§ **PROBLEM DETAILS**:
Beginning with the line containing "Captain America Vol" and ending at the last line of the data, set down every line exactly, leaving out all pictures.

§ **INFORMATION PROVIDED**:
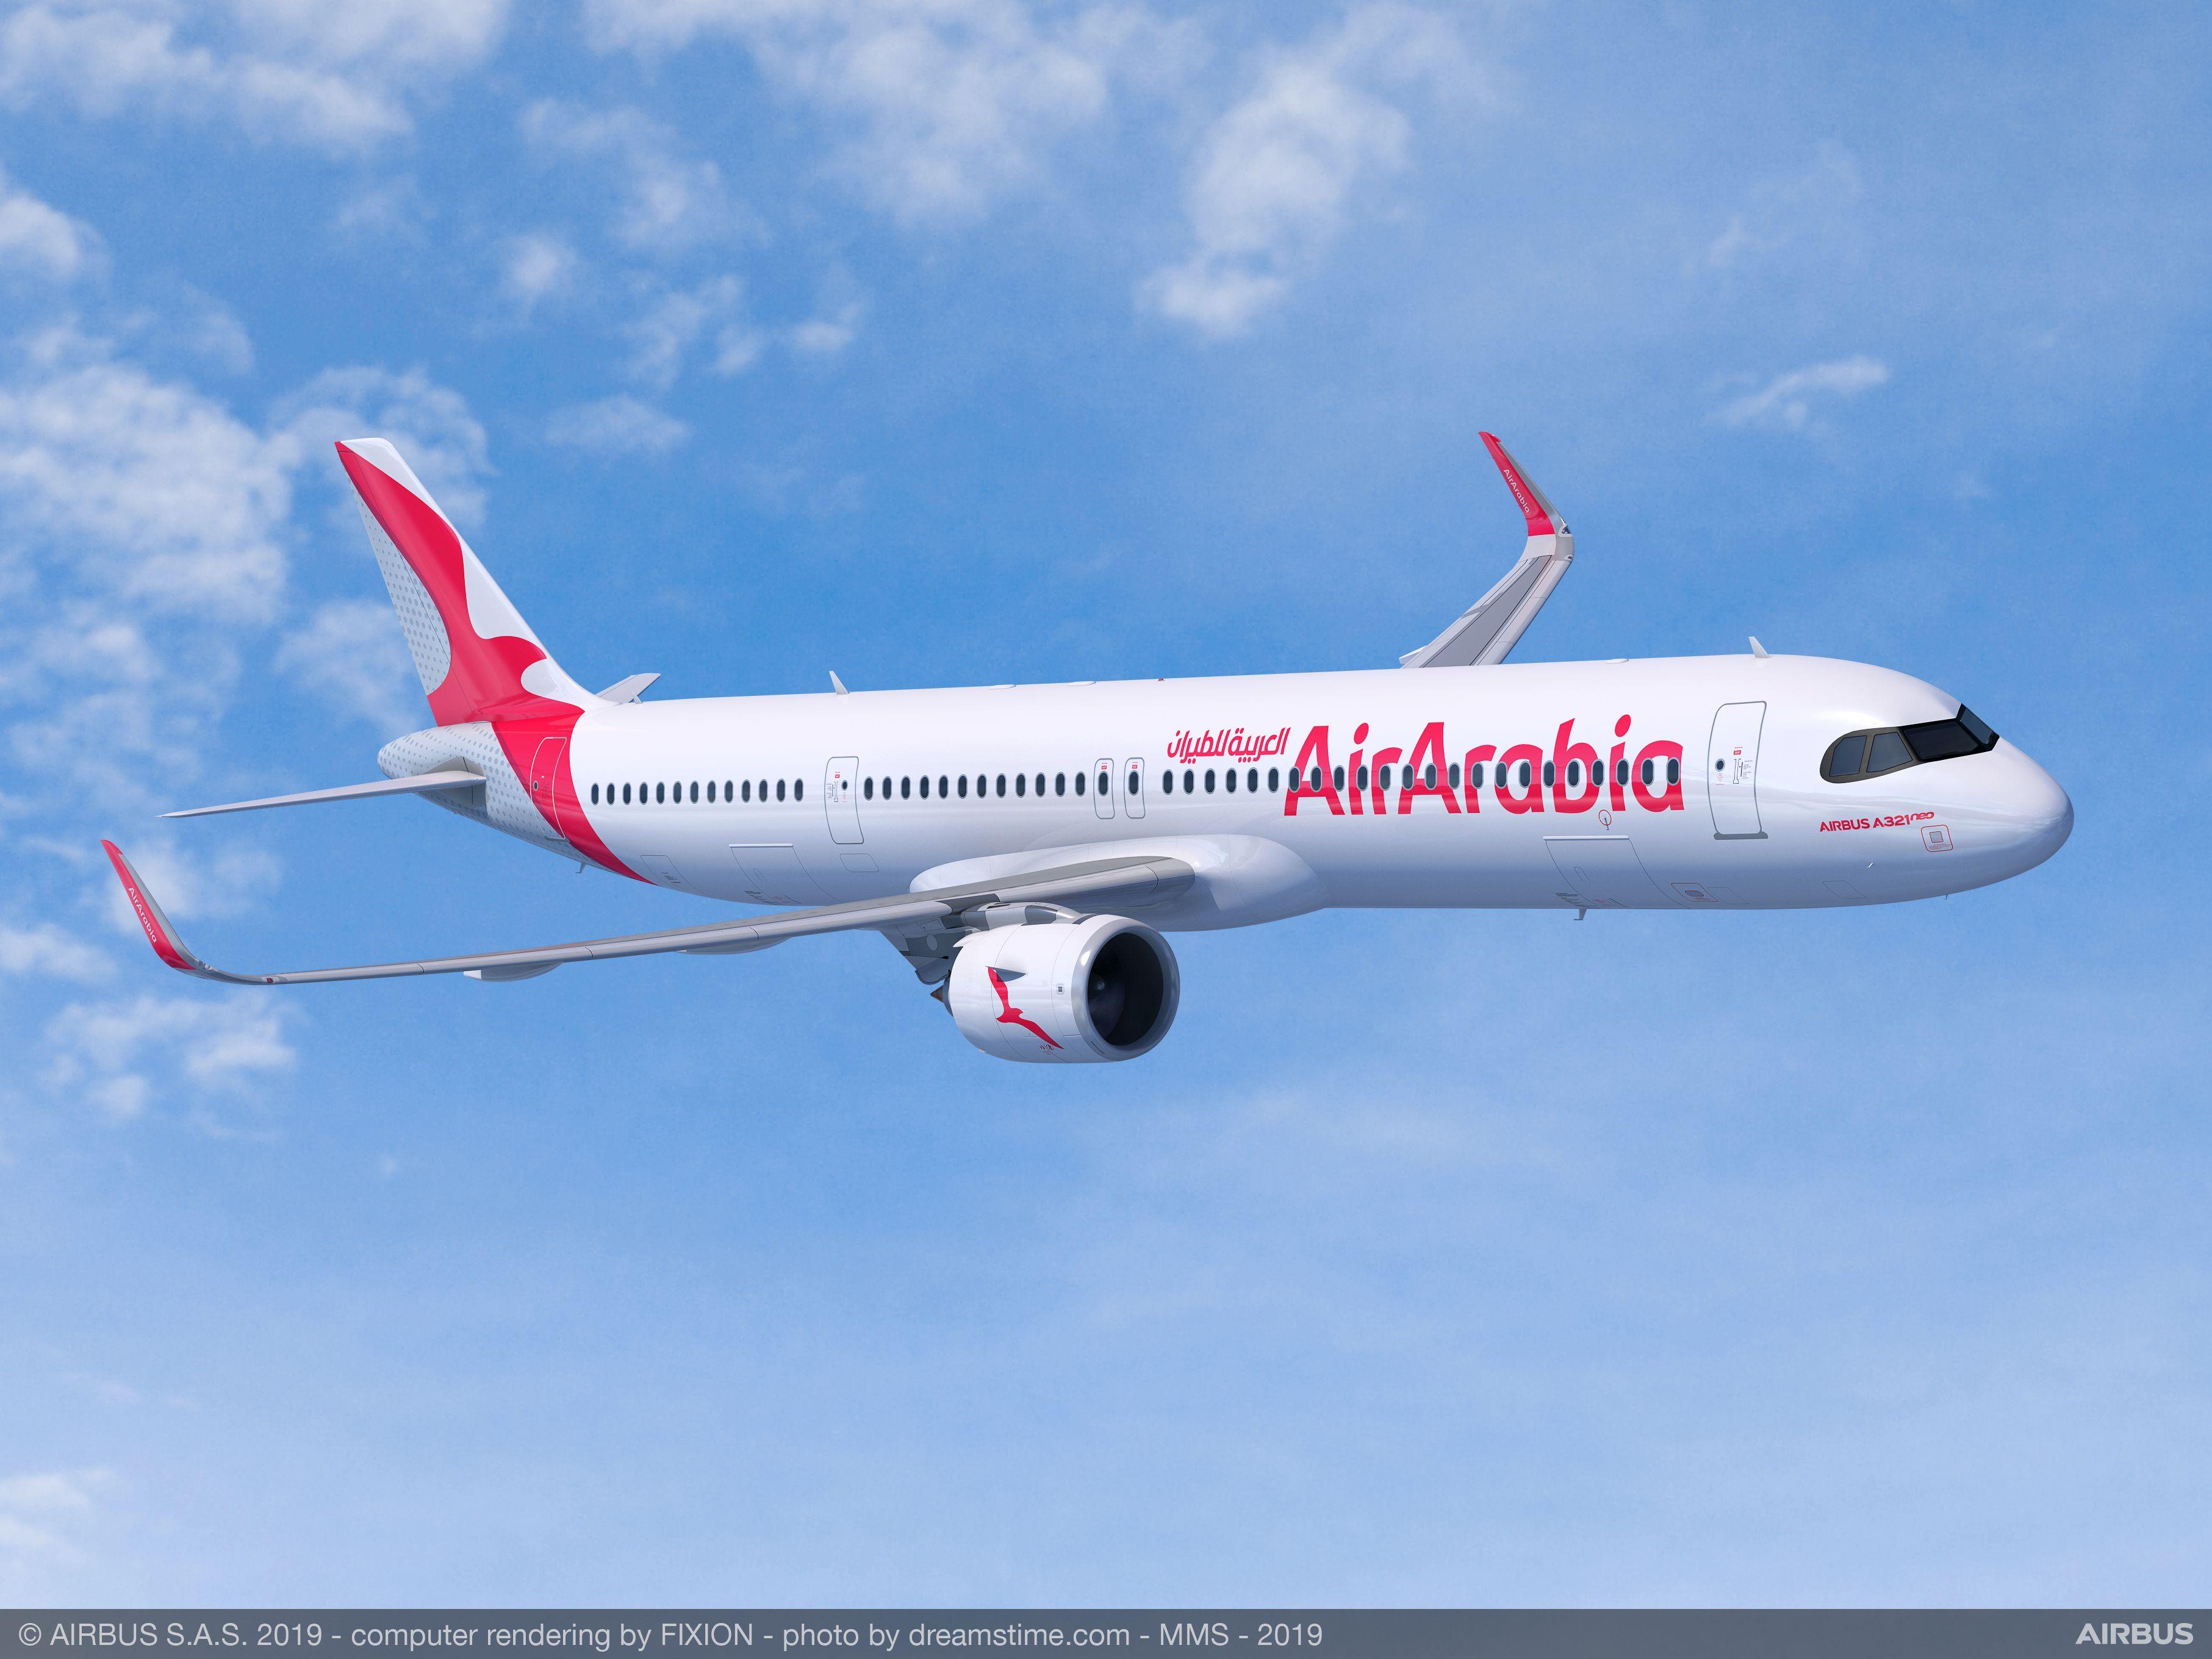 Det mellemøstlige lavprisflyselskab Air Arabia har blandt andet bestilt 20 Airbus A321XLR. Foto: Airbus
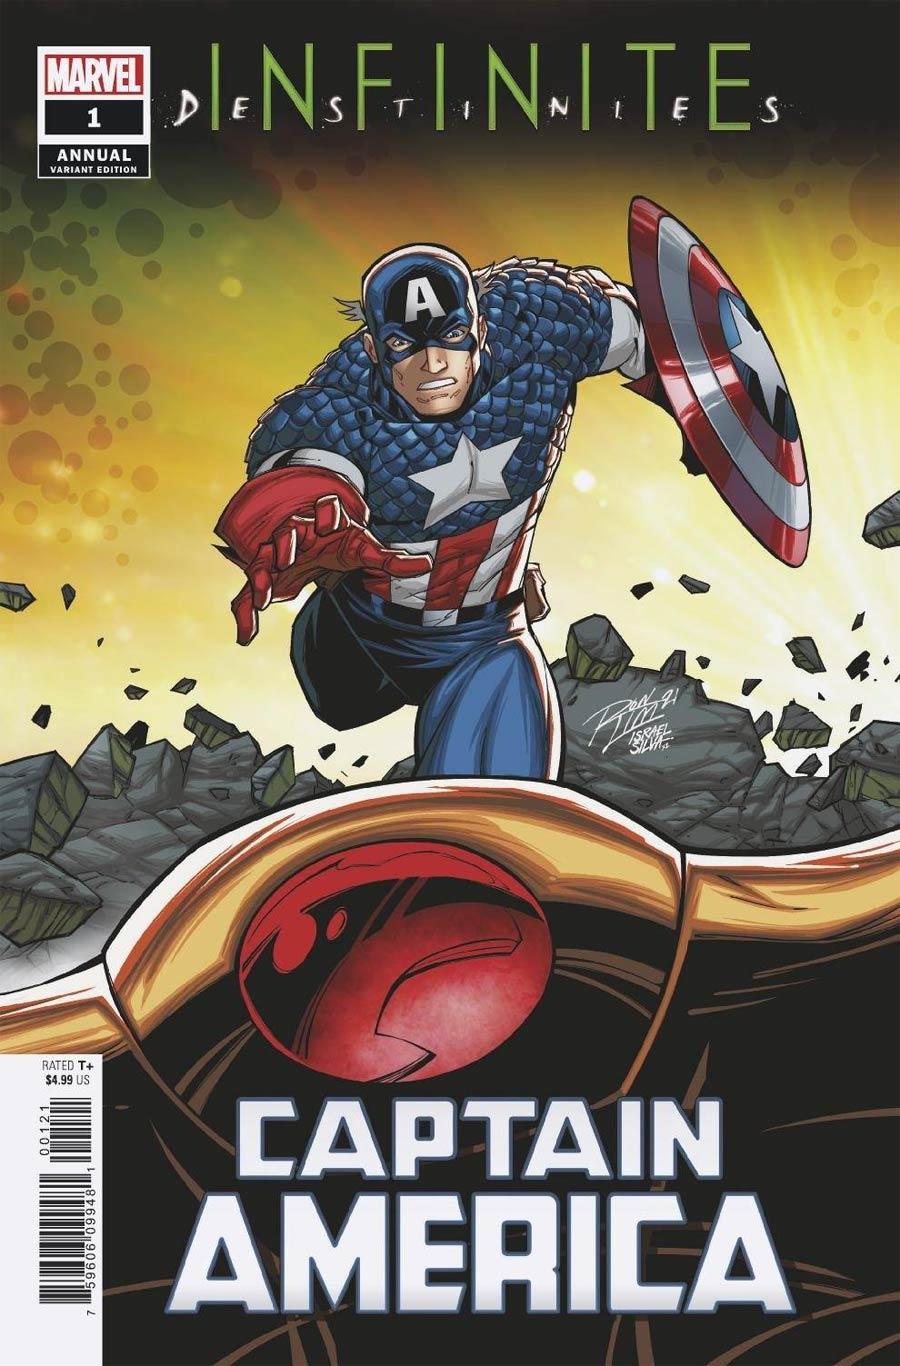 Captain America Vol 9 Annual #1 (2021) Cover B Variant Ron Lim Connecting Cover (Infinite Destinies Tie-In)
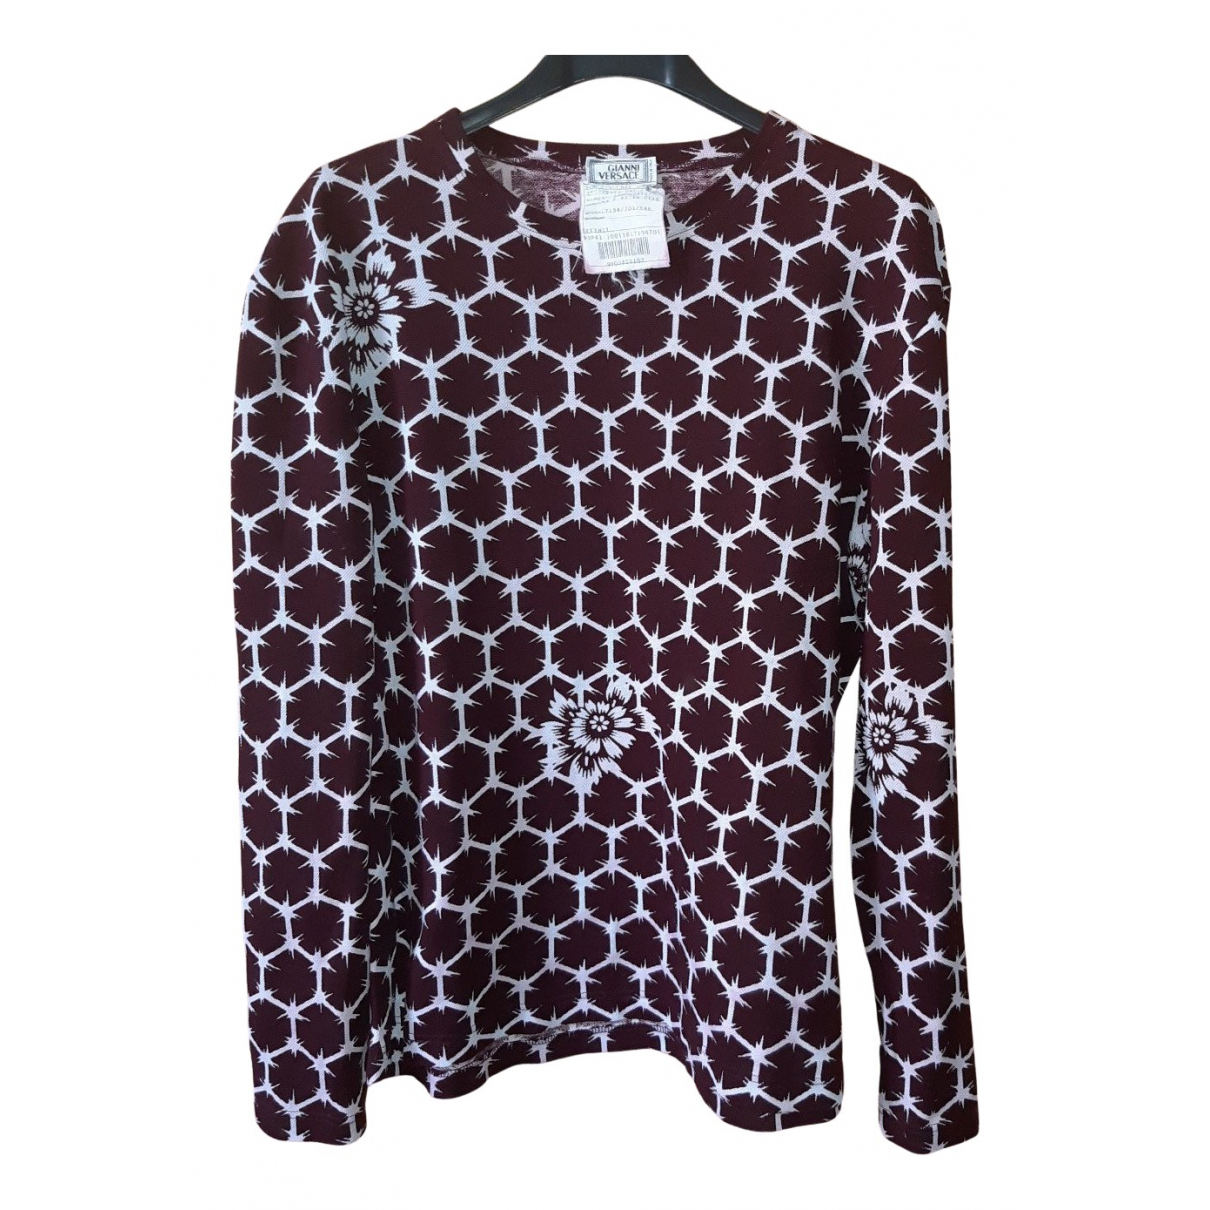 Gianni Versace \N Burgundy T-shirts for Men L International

§ **ANSWER FOR THIS EXERCISE**:
 Captain America Vol 9 Annual #1 (2021) Cover B Variant Ron Lim Connecting Cover (Infinite Destinies Tie-In)
 Gianni Versace \N Burgundy T-shirts for Men L International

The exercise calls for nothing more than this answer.